There is as little talk about the sensible act as there is about the tangible subjects
Even in the previous two accounts, there was no distinction between taking a picture on the edge of a cliff and causing a fatal fall. Linguistic explanations that outperform the so-called brutal reality We want to call it, that is, the body of a dead man, is now more daring. The real melts in a bunch of marks. You play Scrabble in the novel, read historical love letters from unknown poets from the 1950s, and dress yourself – in the age of Corona – for a group of plague gentry fugitives in Boccaccio’s Decamerone. One writes a novel and reads from it until confession leads to hatred; One publishes a short story that annoys others; One listens for intimate telephone conversations, passing the recipient and sometimes the lover at the same time, as if in sarcasm one slaps a silent admirer with his broken jaw back in the face in front of his young children (one who wants to get out of the game of love and talk?).
At the end of this series of abnormal desires one will only think of the game of signs while reading; There can be as little talk of the sensible act as that of the tangible subject. Norbert Gestrin finally wrote a theoretical communication treatise in the form of a novel, which, if considered good literature, impresses with its over-staging and repetition.
It sometimes seems to a long-time reader of Gechtrin that he wants to free himself from the compulsion of self-reference into a paradoxical intervention: not by returning to a plausibly understandable plot, but by increasing the self-reference, and closing the novel. The world of intermarriage, its forbidden intensification – is reflected in terms of content in absolute incest relations. Incest is excluded. So he does not go out into the world, but intensifies it by sexual attraction to the point where everything perfectly matches everything else.
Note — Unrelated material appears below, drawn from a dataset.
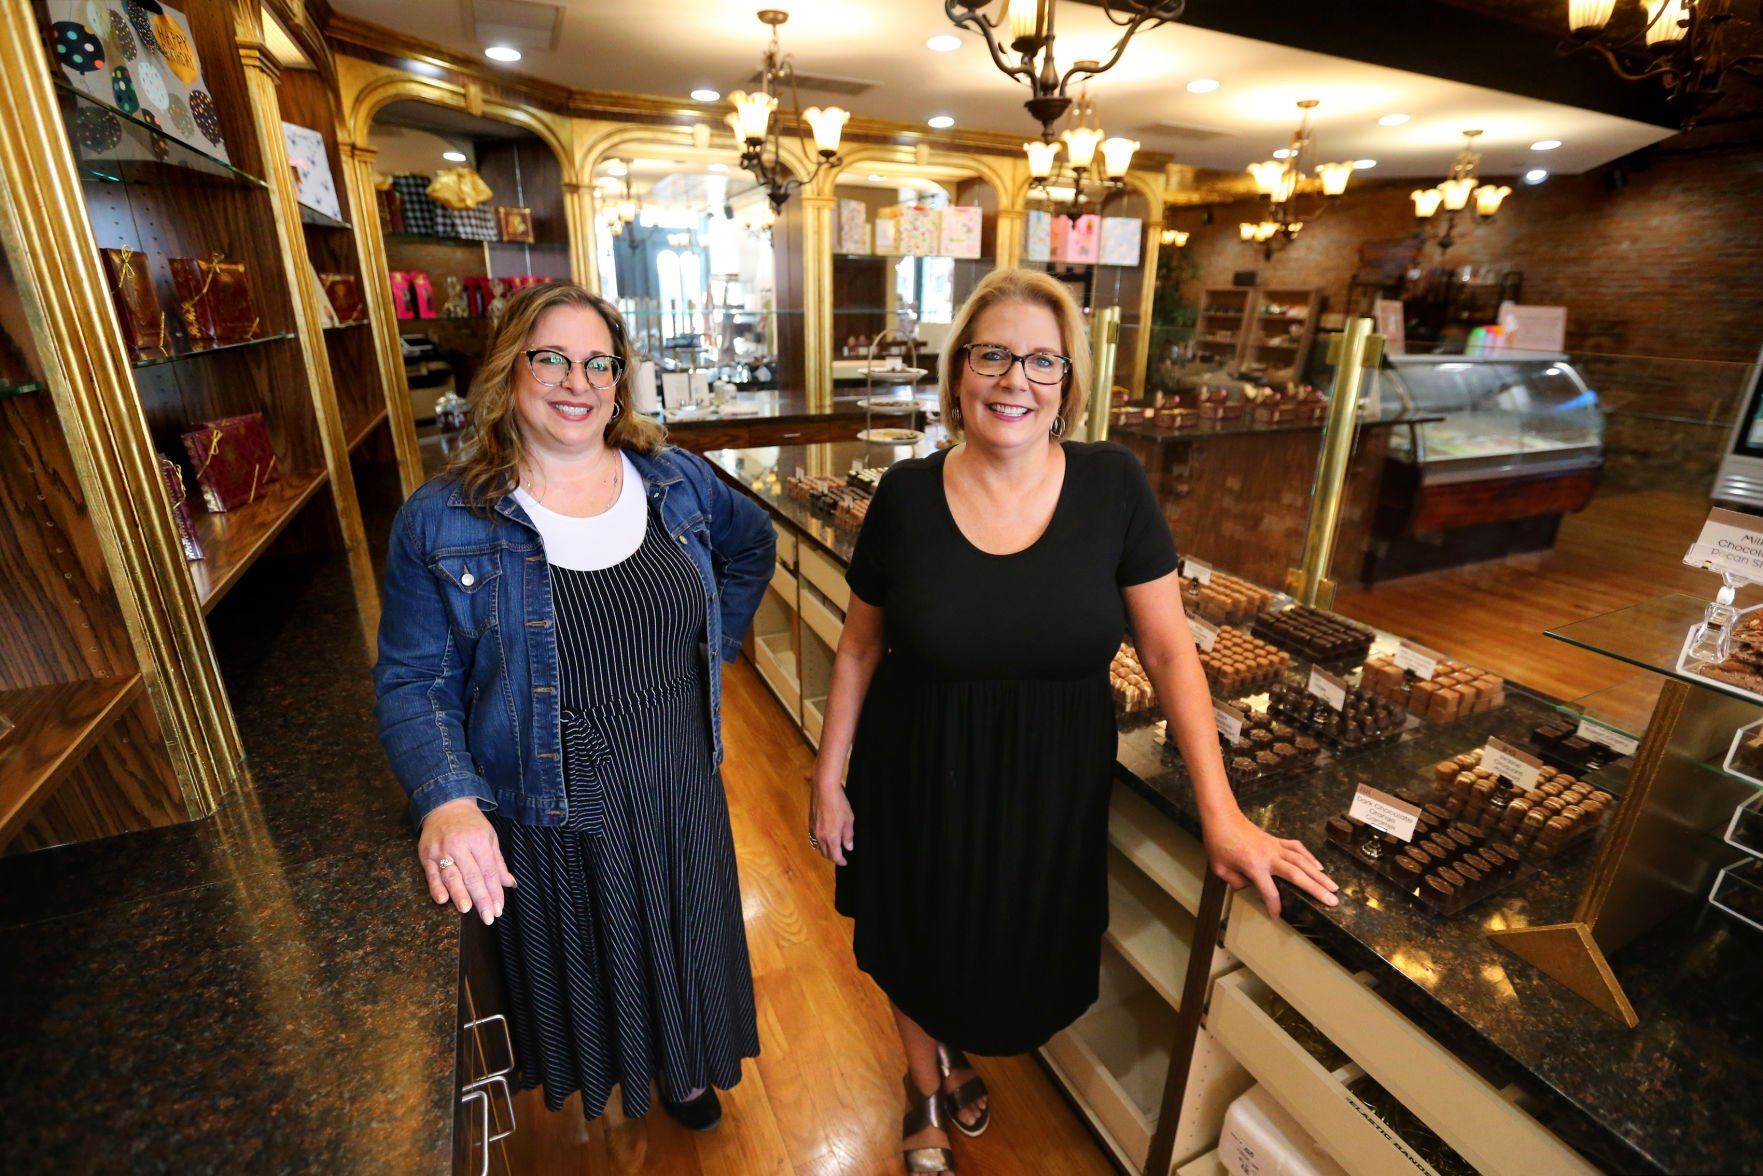 Owner Jennifer McCoy (left) and manager Sharon Coleman at The Sorpresa Gifts at 269 Main St. in Dubuque.    PHOTO CREDIT: JESSICA REILLY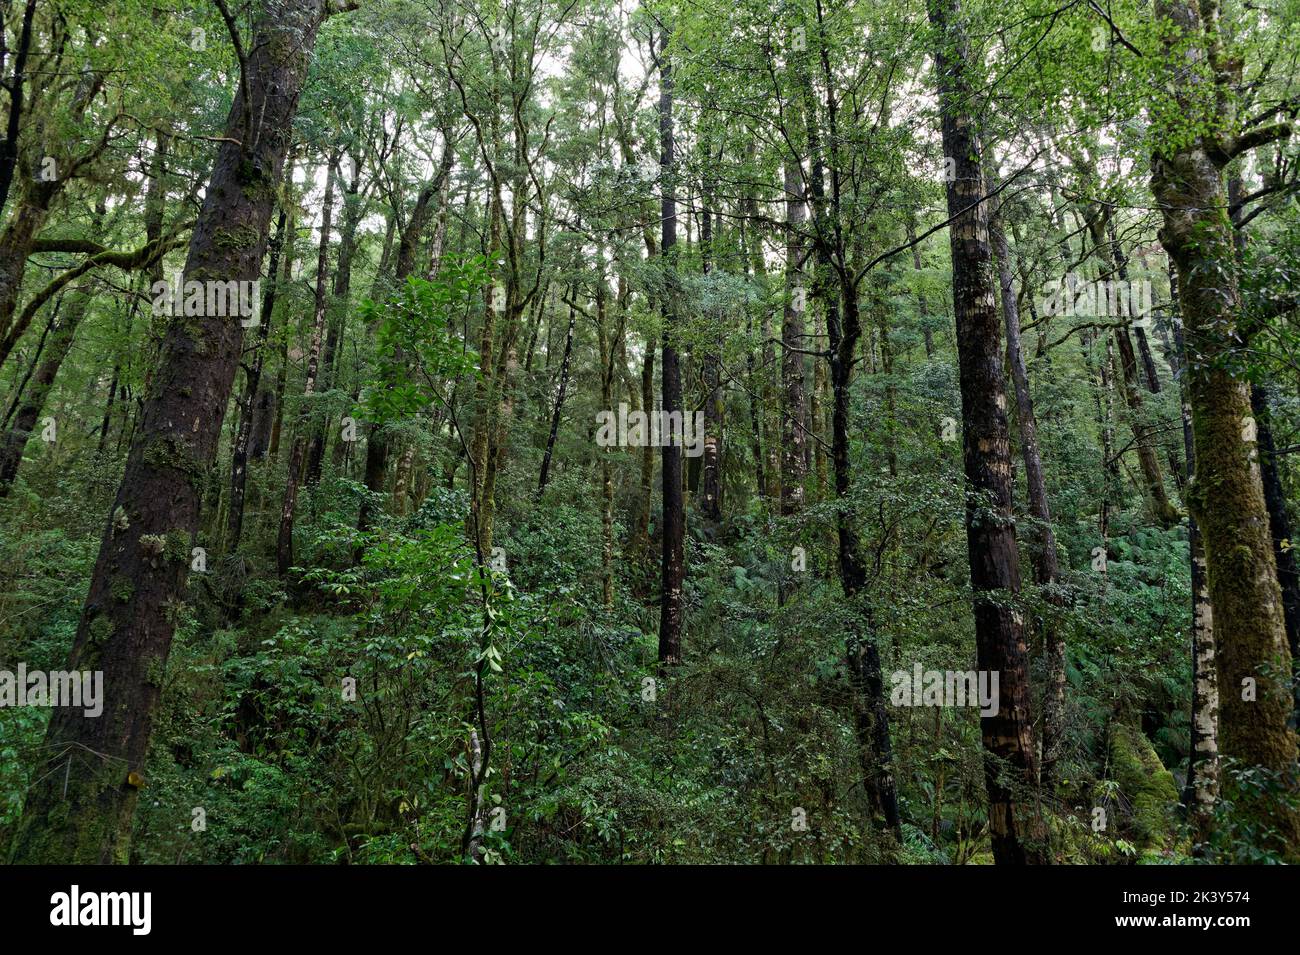 A stand of native trees, probably regrowth as their trunks are quite narrow. Stock Photo

Elias and especially Enas tend to attract other lovers, to make them dependent on the power of intellectual arrogance, and the reader cannot shake the feeling that his efforts at interpretation are indeed part of this sadistic masochistic condition. Above all, Elias drowns out his rival and shares all his neuroses and longings with him. Or a beloved takes care of it from his sister, and she enjoys it quietly.
For example, in Moritz and Karl we have two strong lovers of bipolar disorder, in Ulrich and “Shock in Love Writer” two weak sadists who were subjected to psychological and physical torture by an angry couple. There is no way out. But since all the characters tell everything obsessively, we also read about another half-sister of the incestuous couple named Emma, who lives “across the border”; What is meant is “French” Italy outside of Tyrol, but we translate: outside the novel. One can see memories of the person who doesn’t speak, but a lot has been said about Jacob, the central character in Norbert Guchstern’s debut “Einer” from 1988, who, while people are still talking about, is already being transported to the psychiatric ward.
There were not many autobiographical references in Norbert Gechterin’s good novels and long stories. One must have completed a basic Gstrein course in order to enjoy reading it. But until then, the indifference that results from the standardization of means will annoy one. Only at the end of the novel lies a brief and disturbing immersion in frivolous discourse. Then Gstrein suddenly focuses on homophobia and racism in their contemporary suspicious forms. This elegant grumble in the present is so delicate that a short chapter has been written in English. One feels briefly deceived by the tragedy that occurred in cheap indignation. But the injured jump into the water together, naked. It shuts down their bodies – a final image of constant indifference.